Insights

Quackwatch’s Hatred of Acupuncture

Richard Gale and Gary Null PhD
Progressive Radio Network
November 18, 2019

The author of the Quackwatch entry for Acupuncture entitled “Be Wary of Acupuncture, Qigong and Chinese Medicine” is Quackwatch founder Stephen Barrett. It represents Quackwatch’s official position on acupuncture that has served the purposes of Skeptic organizations, including Skeptic editors on Wikipedia, for falsely discrediting this ancient Chinese medical practice. Barrett is sometimes careful to personally call medical practices that have a large following as pseudoscientific. Rather he is fond of referencing others who are more adversely critical. He quotes Harriet Hall (a sitting member of the Quackwatch board of science advisers and one of the four editors of the Quackwatch-related Science Based Medicine blog) to draw the association between acupuncture and “quackery.”

“Acupuncture studies have shown that it makes no difference where you put the needles. Or whether you use needles or just pretend to use needles (as long as the subject believes you used them). Many acupuncture researchers are doing what I call Tooth Fairy science: measuring how much money is left under the pillow without bothering to ask if the Tooth Fairy is real.”

Barrett also quotes GA Ulett from an article written in 1984,

“Certification of acupuncturists is a sham. While a few of those so accredited are naive physicians, most are nonmedical persons who only play at being doctor and use this certification as an umbrella for a host of unproven New Age hokum treatments. Unfortunately, a few HMOs, hospitals, and even medical schools are succumbing to the bait and exposing patients to such bogus treatments when they need real medical care.”
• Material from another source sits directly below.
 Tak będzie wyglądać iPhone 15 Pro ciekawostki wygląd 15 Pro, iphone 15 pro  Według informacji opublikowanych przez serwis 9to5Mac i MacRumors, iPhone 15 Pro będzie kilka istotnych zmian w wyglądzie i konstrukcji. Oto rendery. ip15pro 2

Although the World Health Organization lists 27 medical conditions for which it recommends acupuncture, Barrett states that the list “should have been followed by a statement that the list was not valid.” However, he provides no specific scientific rationale based on studies to refute the WHO’s recommendations. Among Barrett’s 29 cited references to support his arguments to denounce acupuncture’s efficacy, 26 were published over 15 years ago, and 17 are over two decades old. Consequently the article only has historical importance, is horribly outdated and has no value for representing the state of acupuncture research in the 21st century and the advances it has made during that time.
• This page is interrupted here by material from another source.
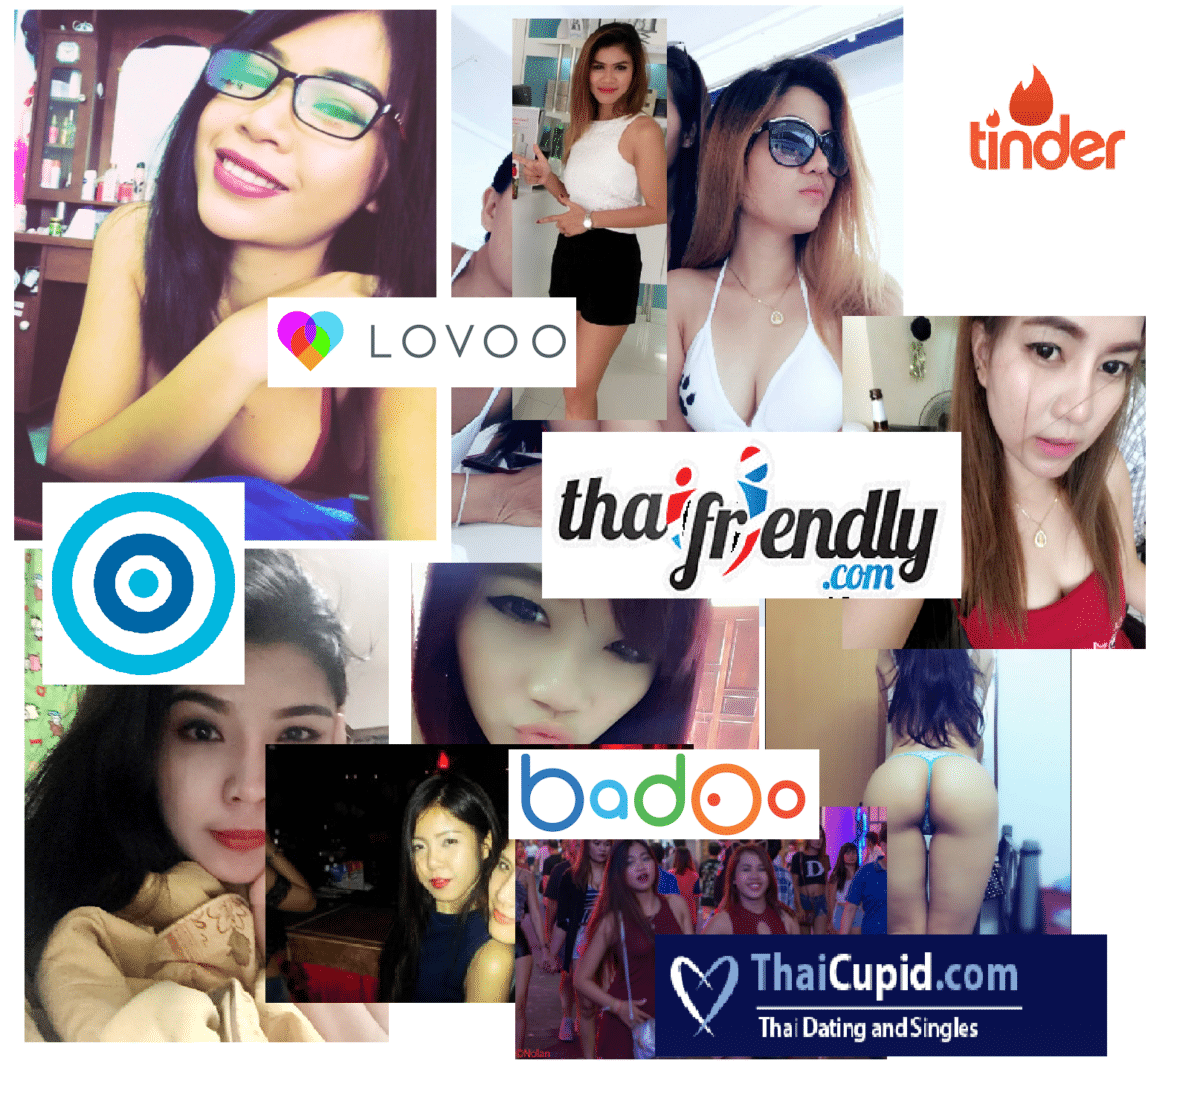 Online hookup sites in Bangkok

In order to discredit acupuncturists’ diagnostic capabilities, which rely upon Traditional Chinese Medical theory, Barrett cites a single study whereby 6 patients were seen by 6 different acupuncturists on a single day. He notes that each was diagnosed with slight differences.  Despite the tiny participant sampling of this study, Barrett cites it as evidence of acupuncturists’ poor diagnostic skills. Therefore, acupuncture should not be relied upon.

 

 

However, in conventional medicine  misdiagnosis leading to erroneous treatments is far more pervasive and costly.  The same arguments Quackwatch and Skeptics apply to alternative medicine equally apply to standard medical healthcare. In fact, much more so because the evidence-based research on diagnostic error is far more thorough and robust. For example,

  • A conservative estimate is that 100,000 Americans die annually or are permanently disabled due to misdiagnosis. Yet a more recent study conducted by the Society to Improve Diagnosis in Medicine found that medical misdiagnosis may actually effect up to 12 million adults, one out of every 20 patients. Half of those erroneous diagnoses were determined to be harmful.
  • A Johns Hopkins University study identified cancer, cardiovascular events and infections as the three most misdiagnosed conditions leading to the most severe consequences for patients.
  • A study published in the Journal of Clinical Oncology found that physicians miss or misdiagnose certain cancers up to 44 percent of the time.
  • A 2013 study in the American Journal of Emergency Medicine reported that over 33 percent of patients with pulmonary emobolism were sent home or admitted to hospitals with a wrong diagnosis.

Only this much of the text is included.